Updated

As summer starts, strappy sandals and teeny-weeny bikinis come out of the closet, inciting a rush to salons for nail care and waxing appointments.

But the dirty secrets lurking in some salons can brew infections that make people with otherwise polished bods want to cover up.

The health risks associated with the beauty industry, according to the American Academy of Dermatology, include viral infections such as HIV, hepatitis B and C, and warts, as well as bacterial and fungal infections.

Beauty editor Didi Gluck went for a standard manicure, but awoke in the middle of the night to find one of her hands with freshly painted nails, throbbing, swollen and so painful she raced to the ER.

"I went to a reputable salon for a manicure," said Gluck, of Marie Claire magazine. "The manicurists just ever so slightly nicked me, but I don’t think the utensil was as clean as it could have been." At the emergency room later that night Gluck’s infected finger was injected with Novocain, lanced and drained.

Infected pedicure footbaths, manicure tools and shared waxing applicators are the perpetrators that cause most infections.

In an extreme case, more than 100 women who went to the same salon in Watsonville, Calif., for pedicures were horrified when bumps formed on their legs and feet. The bumps turned into purple pus-filled boils that erupted discharge, seemed to heal, and then formed again and spread to other areas.

This outbreak of Mycobacterium fortuitum infections in September 2000 was recently examined in The New England Journal of Medicine, which reported that all patients had had whirlpool footbaths and 70 percent had shaved their legs before the pedicure, which raises the risk of infection.

Although they went to the salon (which was later closed by the health department) to improve their looks, some patrons were left with "disfiguring scarring on their legs," said Betsy McCarty, chief of public health for the Santa Cruz County Health Department.

And the strong antibiotics, taken for six months by the infected women were "no picnic," McCarty said, with side effects including yeast infections, diarrhea and nausea.

Footbaths with whirlpool jets may seem more luxurious, but they can harbor the most bacteria. Nail clippings, skin and hair are just some things that linger in the jets and behind the drainage screens of these baths.

"Most people wouldn't say 'take that screen out and let me see what's behind it,'" McCarty said. "A bacterial soup was back there behind the screens … There was enough hair to make a toupee."

To minimize the risk of infection Gluck recommends looking for a prominently displayed operator's license, bringing your own nail implements and getting a pedicure in salons that bathe your feet in a basin that can be dumped out after each use.

But there are other ways to catch a contagious disease.

Jeanine Camerlengo of Staten Island, N.Y., went to her local salon for an eyebrow waxing, and, according to her lawyer Bruce Egert, the attendant applied the wax with "a terribly infected stick," that had been "used on somebody else in a rather delicate part of her body," he told the New York Post.

Some of the wax dripped onto the corners of her eyes. Five days later an ophthalmologist found she was "suffering from herpetic keratoconjunctivitis in her eyes," the Post reported.

Contracting herpes from a wax is unlikely, said Dr. Lynn McKinley-Grant, a dermatologist in Chevy Chase, Md., but it is possible.

However, for those who bear the pain of a bikini wax, other complications are more common.

McKinley-Grant said she often sees patients with burns resulting from wax heated too hot, and the bacterial infection Folliculitis, which "looks like little yellow pus bumps around the hair follicles and can be treated with antibiotics," she explained.

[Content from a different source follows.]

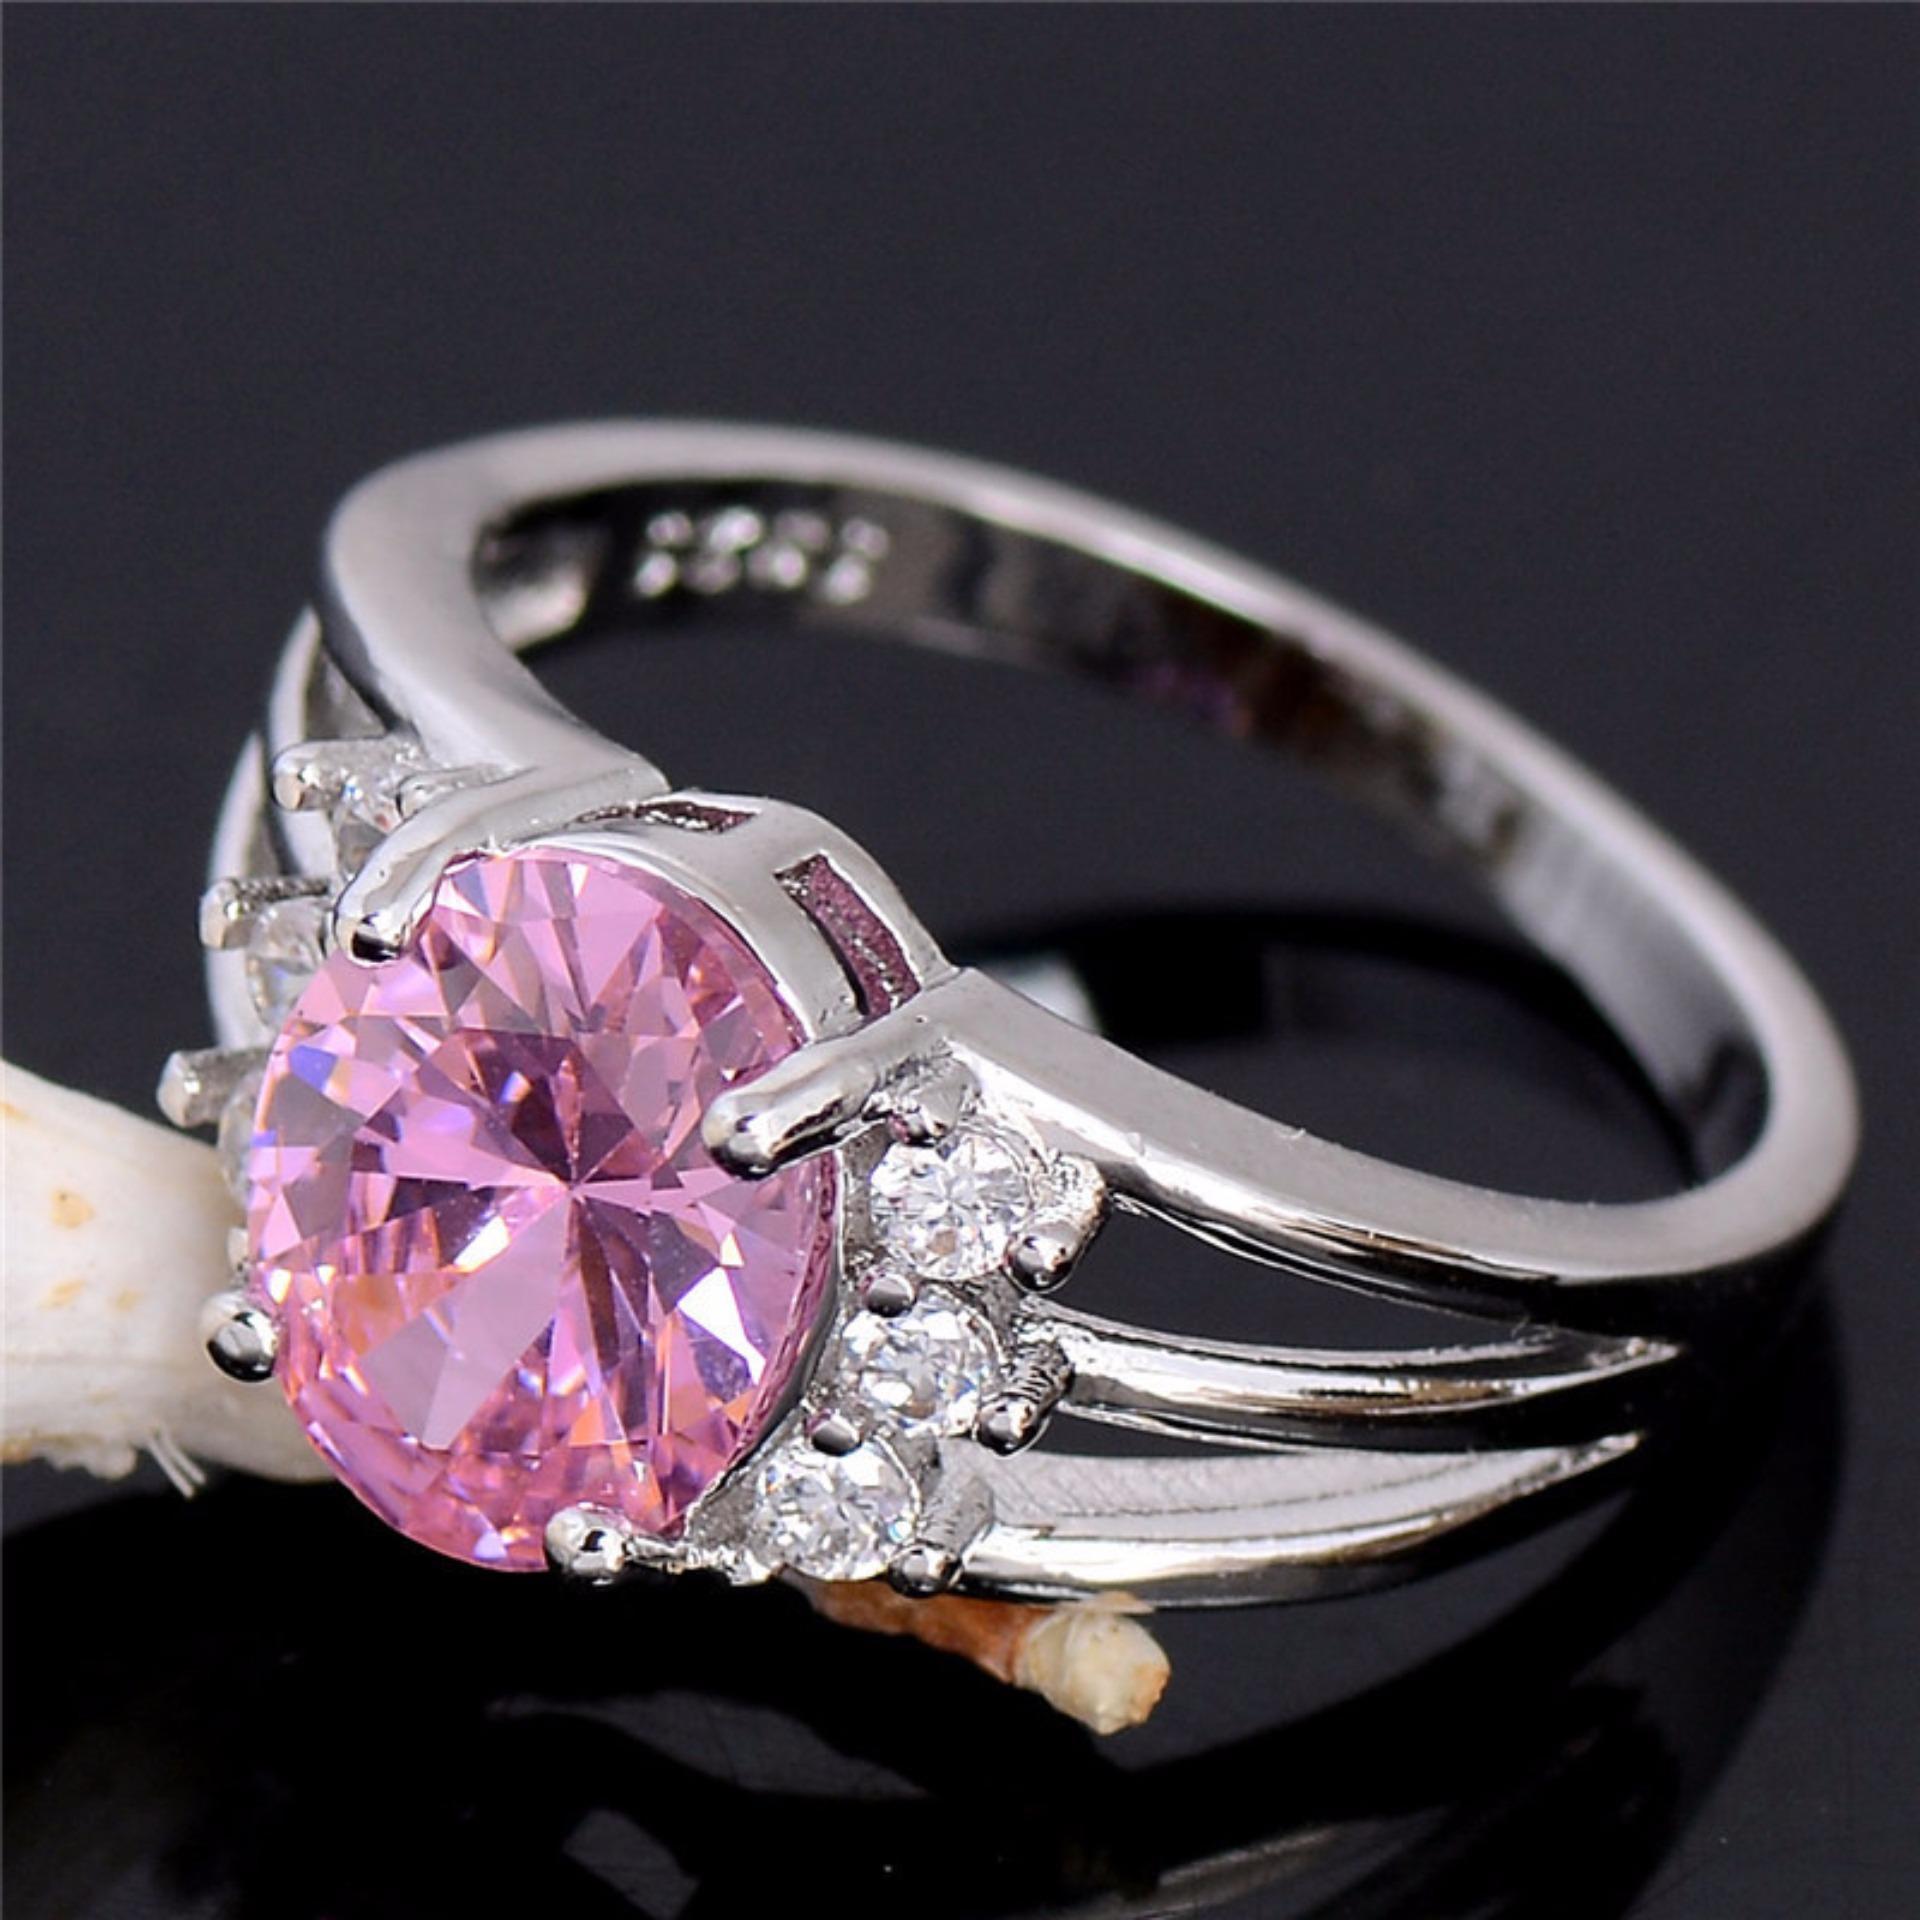 Dimana Beli Cincin Silver Lapis Emas Putih Batu Pink Oval Berlian Imitasi Mewah Vvip Jewelry

To help avoid these mishaps, use common sense when selecting a salon, McKinley-Grant advised.

"Make sure the waxing room is clean, that the technician has washed [her] hands or is wearing gloves, that the paper on the exam table has been changed, and that a new applicator stick is used for each person," she said.

McCarty said women should be aware that the organism that caused suffering for so many in Watsonville could lurk in footbaths anywhere.

"Unless people are conscientious about cleaning those tubs in a very thorough way, this could very easily happen again," she warned.